Желая сократить время опоздания, он выскочил из троллейбуса, кинулся бегом. Выйдя из квартиры, он даже не застегнул плаща, только продиктовал Паше адрес МОЦ и велел убрать раскладушку. Верхняя пуговица так и осталась незастегнутой, шарф сбился, и горло обдавало приятным ветерком. Проскочив подземный переход, Макар Иванович, с трудом переводя дыхание, приостановился, глянул вверх и понял, что не зря бежал. Сцена знакомства повторилась в деталях. Он поднимался по ступенькам, подняв руку и сдавив противную говорящую булавку, а она спускалась вниз. Шикарная норковая шуба подметала грязные ступени, но, присмотревшись к лицу Зои, он теперь определил цвет глаз. Глаза были, оказывается, светло-карие, большие, это были глаза обреченного человека.
4
Высокая, худая, лет тридцати пяти — сорока, в распахнутой дорогой шубе, она вдруг остановилась перед ним посредине лестницы. Роскошные полы ее шубы вздрогнули, она приподняла их. Зажимая пальцами дрожащий счетчик, он почему-то опять подумал, сколько же стоит такая шуба. Тысяч десять в СКВ, не меньше. Сколько нужно проходить в такой шубе, чтобы умереть? Месяц? Год?
— Я опоздал! — сказал он, выдергивая булавку из ворота и убирая ее, зажатую в кулаке, глубоко в карман. — Проспал, представляете?
Он ощутил сильную неловкость. Нужно было что-то предложить, а он не знал что. Мимо спешили люди. Сквозь женские растрепанные волосы горело весеннее киевское солнце. Он стоял очень близко, и дрожание в кулаке не унималось. Жалила и жалила в ладонь маленькая металлическая оса.
— Ничего! — сказала она. — Мне интересно… Пойдемте. Что мы встали, как дураки?
Она подправила волосы, и движение было, как у лунатика, слепое. Тонкая рука в перчатке будто оттолкнула несуществующее препятствие. Выскочила из волос и упала на ступеньку длинная серебряная шпилька. Она улыбнулась, вероятно ощутив его неловкость, взяла под руку. Дозиметр от этого движения уколол больно в ладонь.
— Пойдемте. — Голос у нее был почти такой же тихий, как по телефону. — Вы обещали сводить меня в ресторан.
В прошлый приезд, несколько дней назад, все вокруг таяло, и было значительно теплее. Теперь снег сошел, вокруг стало сухо и чисто, пора появиться на улицах железным тележкам с мороженым, цветам на каждом углу, гирляндам невесомых красных и желтых шаров, но вдруг температура воздуха резко упала. На солнце все пятнадцать градусов тепла, а в тени минус. Пританцовывая перед квадратными огромными стеклами закрытого ресторана, Макар Иванович понял: в это утреннее время подобные заведения все закрыты. Он никак не мог сообразить, что же теперь делать. Он не выспался, и мысли путались.
— Вы знаете, на что это похоже? — припадая лицом к стеклу, спросила она. Он постучал ногами, покачал головой. — Так же выглядело кафе в Чернобыле через неделю после аварии. Столики, скатерки белые, мозаика… И ни одного человека! Пойдемте. — Она потянула его за рукав. — Здесь есть небольшое кафе, думаю, там уже открыто.

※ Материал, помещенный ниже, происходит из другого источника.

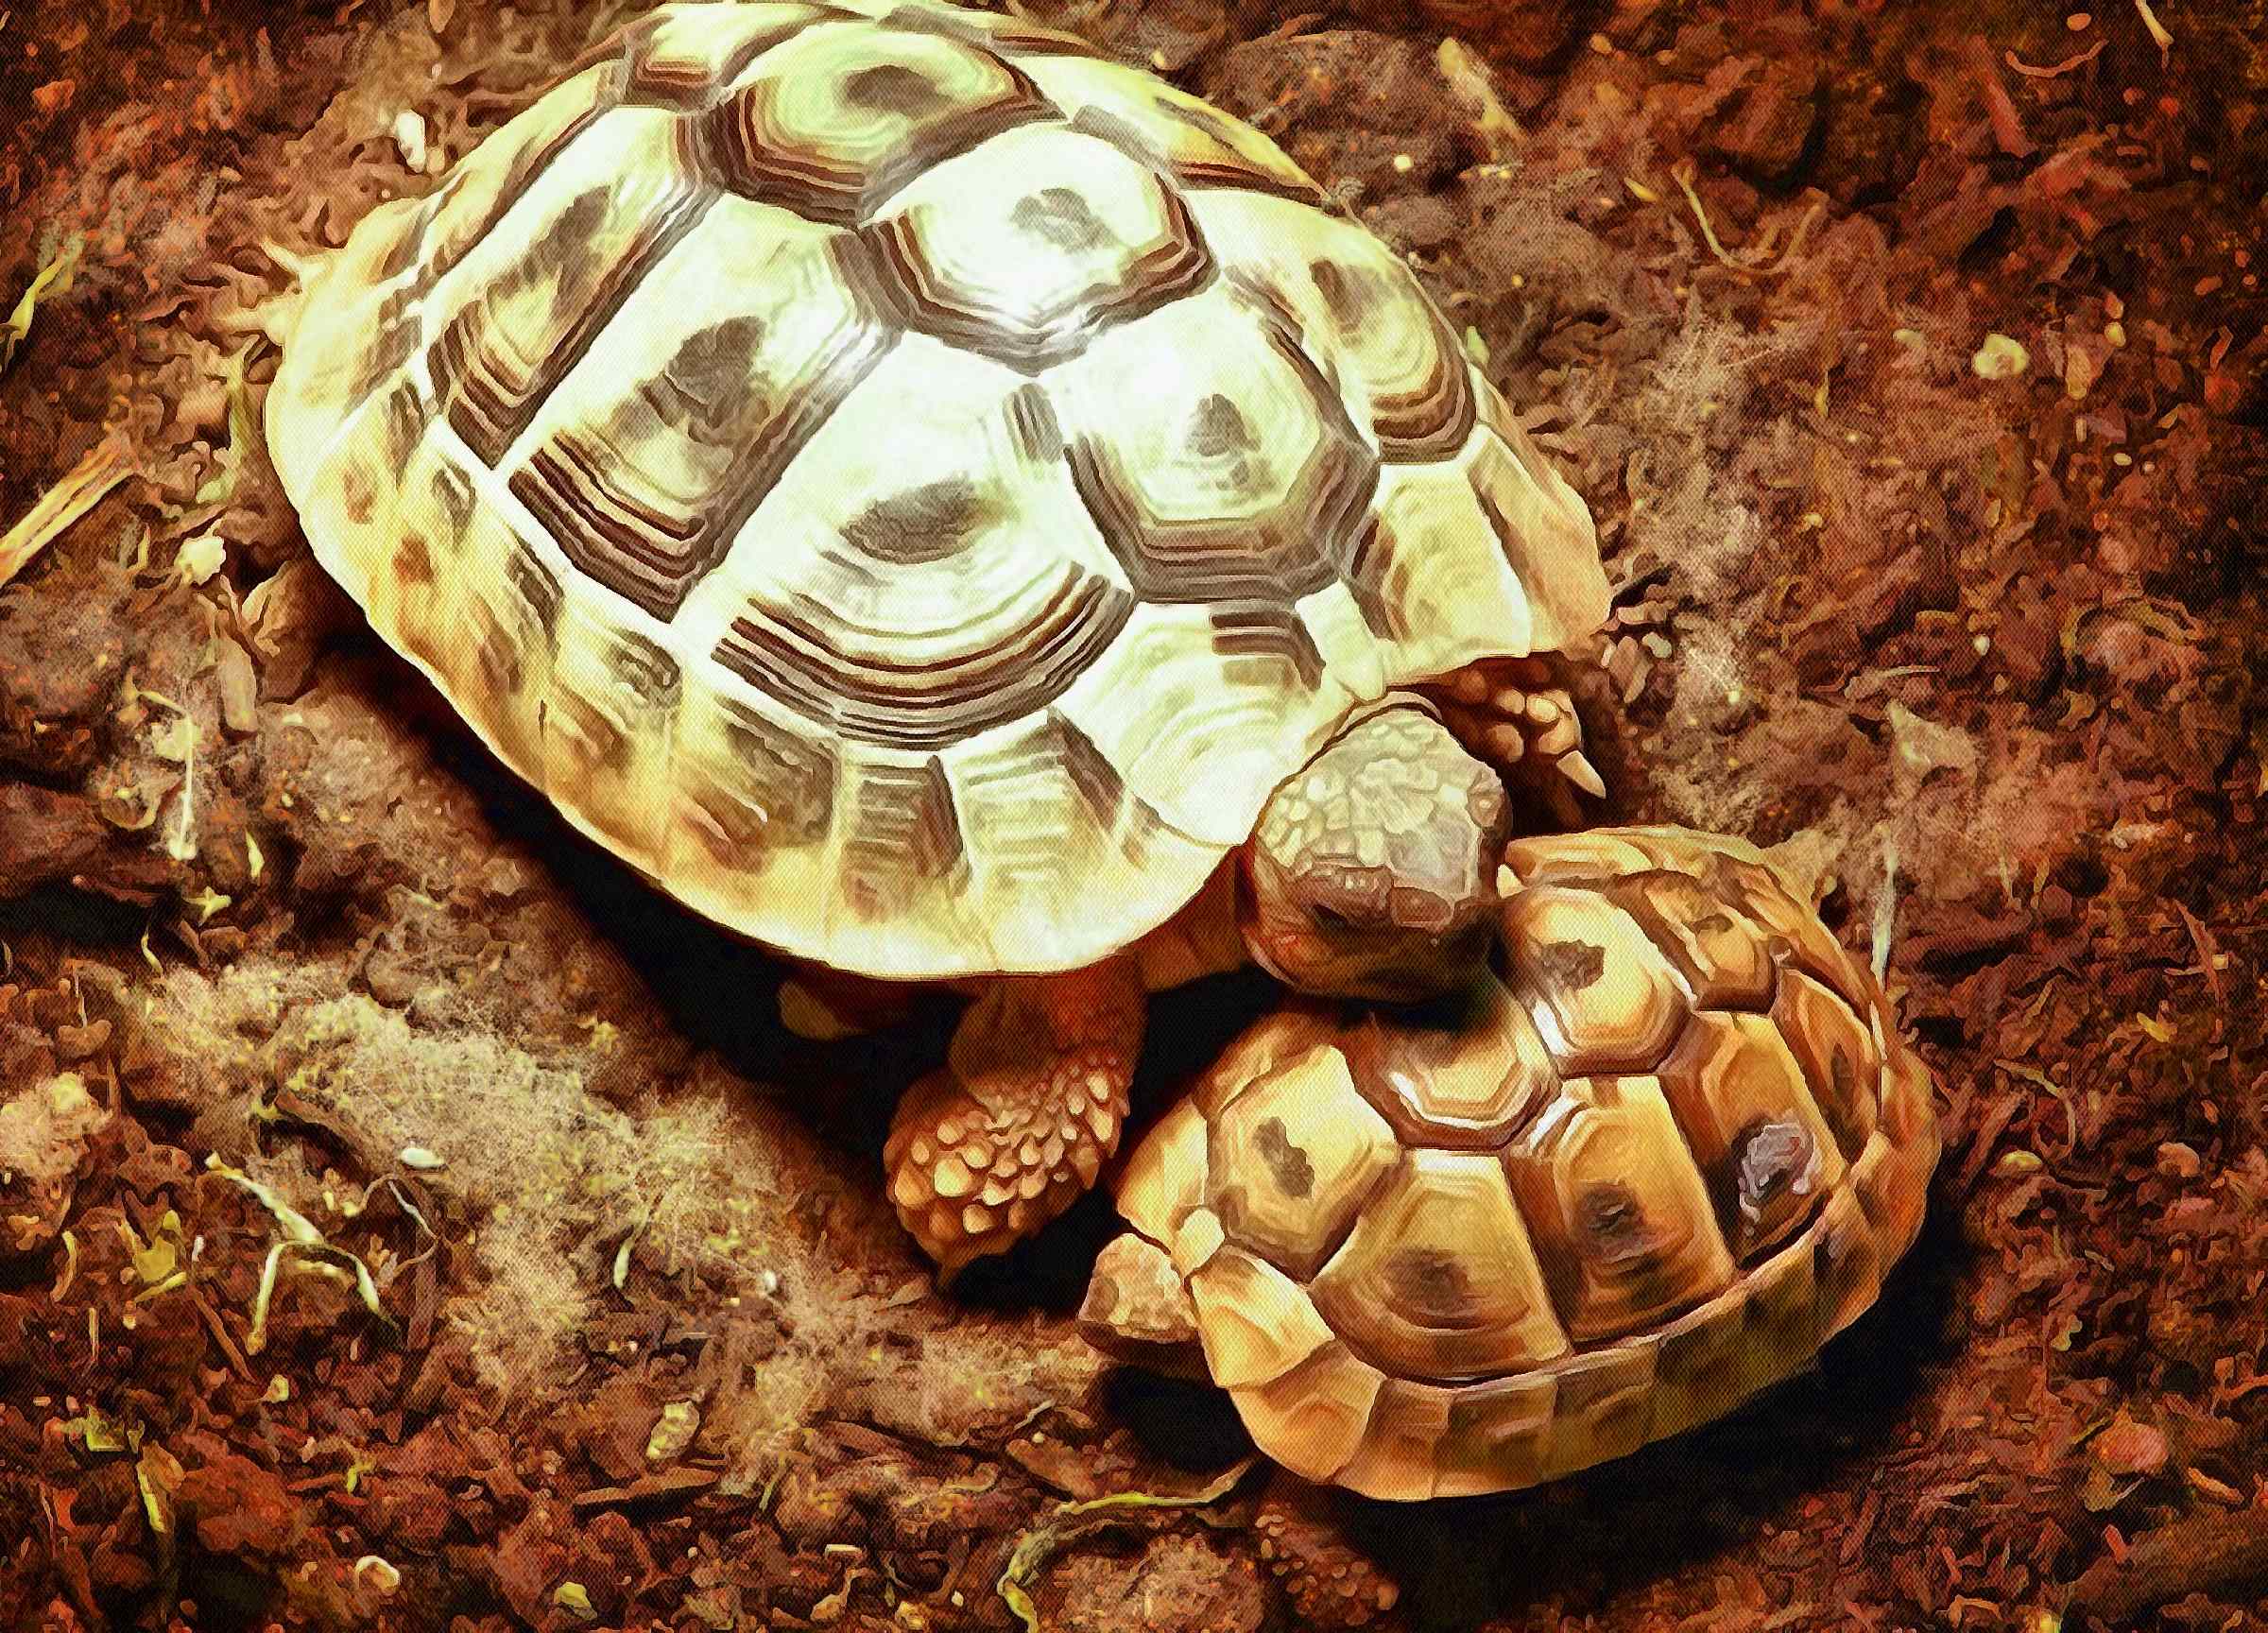 Turtle free images, tortoise free images, chelonian, leatherback, loggerhead, turtle, tortoise – Turtle free images, Tortoise free images, Turtle stock free images, Download free images turtles, turtle public domain images, tortoise public domain images!

Синеватая прозрачность ее щек, красная шелковая блузка с золотыми металлическими пуговичками (Макар Иванович припомнил: в первый раз была белая, и верхняя пуговка оторвана), плиссированная серая юбка, перчатка, брошенная на стол, — кожаный комок. Тонкая, будто высохшая рука, приближающая медленно к губам маленькую круглую чашечку с кофе, — все это, каждая деталь, каждое ее небольшое движение, так же как и ее молчание, непонятным образом волновали Дмитриева. Они сидели друг напротив друга в очень уютном, ярко освещенном кафе, даже какая-то музыка играла. Столик был такой маленький и низкий, что коленями он ощущал ее ледяные, затянутые в капрон колени. По улице снаружи двигались люди — хаотичная слепая толпа, а он все пытался сообразить, что можно сказать теперь. Мысли путались, он вспоминал о жене, о записи на автоответчике и отводил глаза от этих темных тонких губ, влажных от кофе, от этих светло-коричневых глаз.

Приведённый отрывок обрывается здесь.